#### DATASET RECORDS

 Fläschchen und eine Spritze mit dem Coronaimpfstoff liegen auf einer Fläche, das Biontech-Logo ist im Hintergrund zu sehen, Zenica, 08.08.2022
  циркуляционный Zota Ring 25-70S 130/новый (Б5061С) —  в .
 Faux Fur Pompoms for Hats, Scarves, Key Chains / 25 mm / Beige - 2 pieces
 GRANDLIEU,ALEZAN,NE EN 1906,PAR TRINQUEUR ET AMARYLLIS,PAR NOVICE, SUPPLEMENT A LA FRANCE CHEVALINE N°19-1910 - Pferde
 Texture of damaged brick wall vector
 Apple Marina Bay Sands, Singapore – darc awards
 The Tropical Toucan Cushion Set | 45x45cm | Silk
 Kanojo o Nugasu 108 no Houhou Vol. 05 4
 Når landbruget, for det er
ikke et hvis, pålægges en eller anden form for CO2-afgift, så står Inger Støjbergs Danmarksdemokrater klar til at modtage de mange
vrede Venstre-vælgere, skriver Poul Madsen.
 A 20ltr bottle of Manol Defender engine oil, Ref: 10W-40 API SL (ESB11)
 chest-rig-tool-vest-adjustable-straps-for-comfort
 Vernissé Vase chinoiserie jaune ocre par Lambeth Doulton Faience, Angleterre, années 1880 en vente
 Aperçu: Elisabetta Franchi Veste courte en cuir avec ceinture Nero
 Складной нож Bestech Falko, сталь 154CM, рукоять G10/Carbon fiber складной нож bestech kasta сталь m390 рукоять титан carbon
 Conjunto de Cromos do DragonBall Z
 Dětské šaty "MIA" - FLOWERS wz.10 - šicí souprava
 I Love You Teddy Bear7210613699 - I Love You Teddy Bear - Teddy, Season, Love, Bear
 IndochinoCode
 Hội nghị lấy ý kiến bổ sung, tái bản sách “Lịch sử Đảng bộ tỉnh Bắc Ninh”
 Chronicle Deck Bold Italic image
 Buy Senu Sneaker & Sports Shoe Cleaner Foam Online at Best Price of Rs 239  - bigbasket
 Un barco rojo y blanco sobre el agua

########

● WORK TO COMPLETE
Copy exactly, with no other lines, the stretch of the material that begins at the line containing "Conjunto de Cromos do DragonBall Z" and ends at its last line.

● RESULT BELOW
 Conjunto de Cromos do DragonBall Z
 Dětské šaty "MIA" - FLOWERS wz.10 - šicí souprava
 I Love You Teddy Bear7210613699 - I Love You Teddy Bear - Teddy, Season, Love, Bear
 IndochinoCode
 Hội nghị lấy ý kiến bổ sung, tái bản sách “Lịch sử Đảng bộ tỉnh Bắc Ninh”
 Chronicle Deck Bold Italic image
 Buy Senu Sneaker & Sports Shoe Cleaner Foam Online at Best Price of Rs 239  - bigbasket
 Un barco rojo y blanco sobre el agua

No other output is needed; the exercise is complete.